When To Start Meds?

// September 2nd, 2010 // Uncategorized

There is so much information about HIV and AIDS and much of it is wrong, much of it comes from people who believe HIV and AIDS was created by the government for one reason or another and then there are those who dont believe that HIV and AIDS exist at all.

Combined with all the bad information you have the good, but many times even this can be very confusing and even cause a person to doubt. Doctors don’t agree, researchers don’t agree and in all of this are the people who have HIV or AIDS. People like me who have to figure it all out.

I was homeless when I was diagnosed in April of 2008, so for me right out the gate of being told i was HIV positive it was an uphill battle. I had so much more that i was already dealing with, but with all that I was already up against I refused to be yet another Black man on some statistic list who had died from AIDS. However in order for me to avoid this, I was going to have learn all I could about my HIV diagnoses.

Right away I knew I was not going to be able to do this alone and right away I knew I would not rely on what was told to me from the place where I was diagnosed because I already had trust issues with my care and how I was treated by every single person I encountered the 11 days I was at the hospital. I will say there was one person who seemed to care and this was the head doctor at the HIV clinic, however even this was not enough to get me to trust my care and overall well being  So much had already happened and could not be undone.

It took a while before I was teamed up with a great case manager and treatment educator over at AIDS Project Los Angeles, but even this was not enough for me. Google became my best friend, when I wasn’t looking for housing or trying to get things in order for myself as far as medical care was concerned I was online trying to as much information as I could on HIV. I started going to HIV updates and understanding your labs presentations, I asked questions of my case manager, treatment educator and of my doctor.

The more I searched the more I learned the more educated I became and along the way I was able to meet some pretty amazing people who to this day are the very places I turn to for advice, guidance and support. My unwillingness to be ignorant about HIV has led me to where I am now and even with all the information and education that i have been able to gain, there is still so much more I need to know, need to learn and need to soak in and I will continue to do this, because I refuse to allow HIV lead to death and then lead to my death.

The hardest thing for me when I was diagnosed was not stigma or accepting the fact that I was HIV positive.
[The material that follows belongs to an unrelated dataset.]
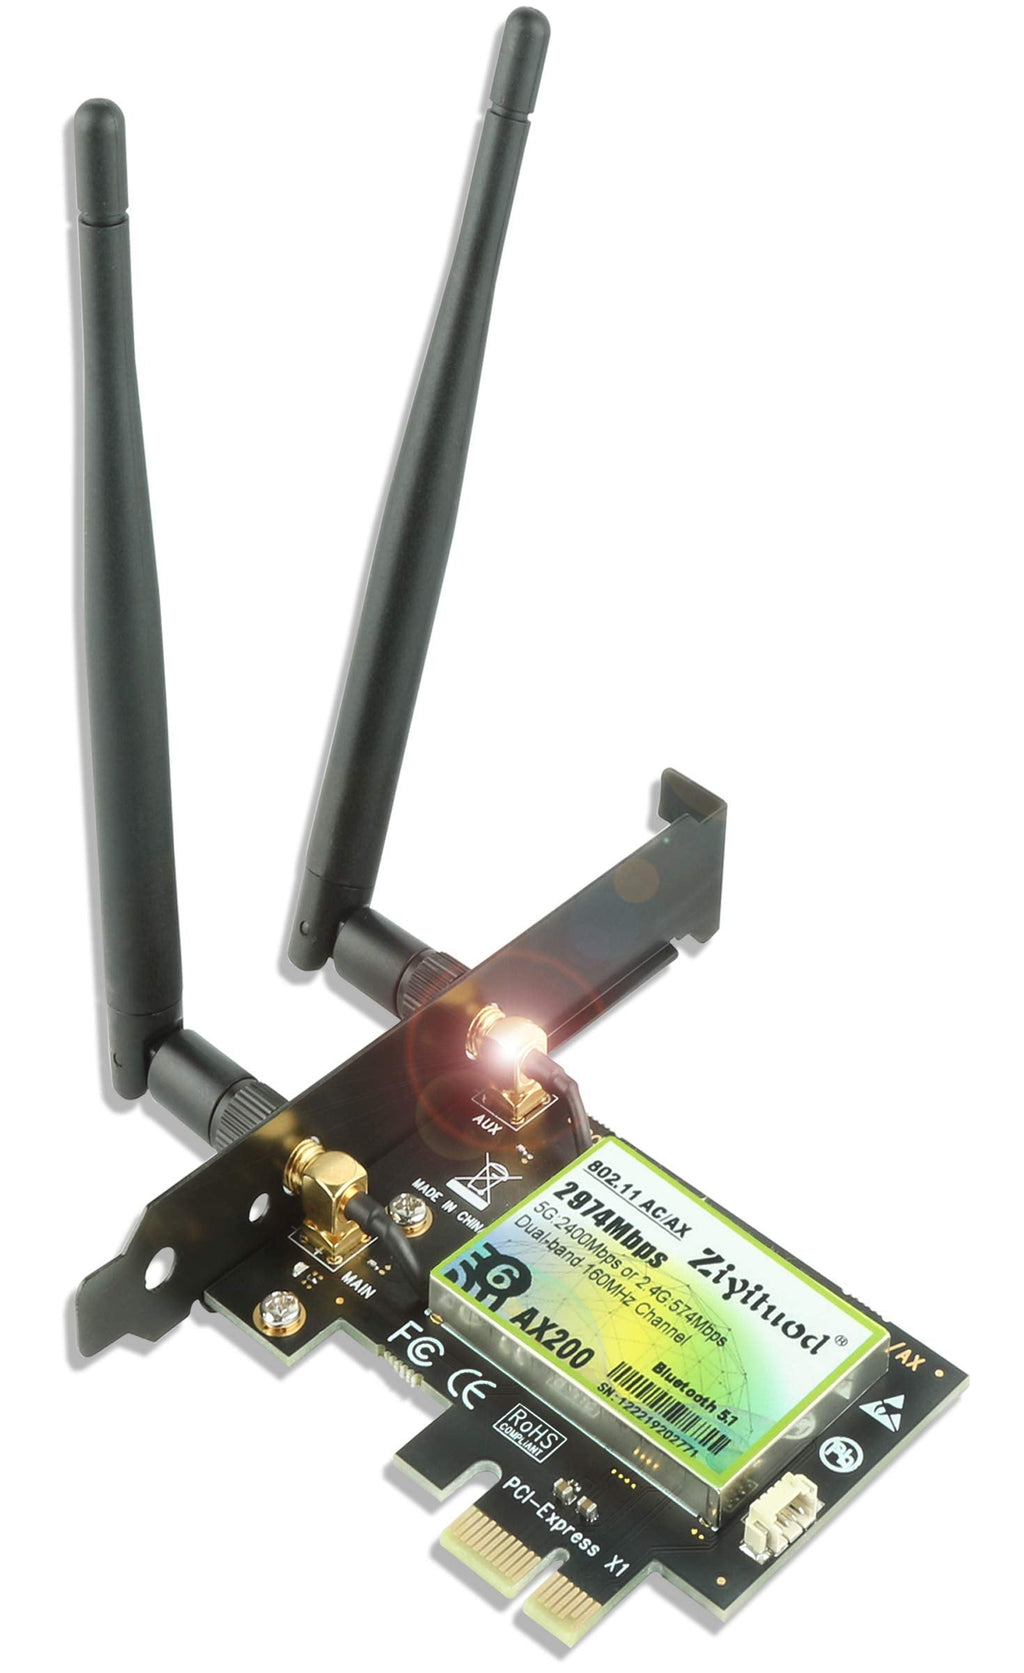  [AUSTRALIA] - ZYT 3000Mbps PCIe WiFi Card with Bluetooth5.1 for Desktop PC | Intel WiFi 6 AX200 | 5G 2.4G WiFi Bluetooth Card with 160MHz,OFDMA,MU-MIMO | Support Windows 10/11

However it was a lack of education and by this I mean education on HIV. The only person who could change that was me. It didn’t matter if I had the leading educators and doctors in the world backed with the latest and best information at my finger tips, if i was not willing to accept it, it would mean nothing.

I didn’t understand how I could be sick, but not taking any meds to help me fight. Each time I asked questions it was met with “Mr. Carr you are ok and right now you dont need to worry.” To me this was bullshit and I needed to move away from anyone who was giving me this information. I needed to fully understand why I was diagnosed with HIV but was not treating the HIV.

Today I have a great doctor, a great clinic with an awesome support team at this clinic. I also still have access to my frist case manager from APLA as well as the Treatment Educator, I still have access to the most amazing nurse I have ever met and yes, GOOGLE is still my best friend. Currently I am still not on HIV meds and I fully understand why.

The other day I watched a video from someone who is newly diagnosed who says their viral load is over 100,000 with a cd4 count of a little more then 500 but what raised the red flags and sounded off so many alarms was the fact that this person said his doctor stated that he would not be starting meds until he T-Cells (cd4) fell to 300.

Right away I knew this person had no clue about their HIV diagnoses and had no clue as what the standards of care are here in the United States. Furthermore he hasn’t fully taken the initiative to educate.

The standard of care  state that the recommended treatment guidelines are as follows

500 and below it is recommended that you start HIV meds

500 and above with a viral load of 100,000 of more. It is recommmended that you start HIV meds

So if your medical professional is telling you that you should wait until your T-cell (cd4) drop below the recommended treatment guidelines then you really need to ask some question as to why they are not following the recommended treatment guideline.

Moreover you should always ask questions and make you are fully engaged in your medical care. You need to make certain that you are doing all you can to stay up to date with the latest treatment guidelines. With things like GOOGLE it makes no earthy sense for anyone not to be fully educated about HIV and AIDS.

The bottom line is this, people who are HIV positive need to be doing all they can to educate themselves about the diagnoses they have. To ignore it and half step around it, simply demonstrates the lack of respect and love you have for youself.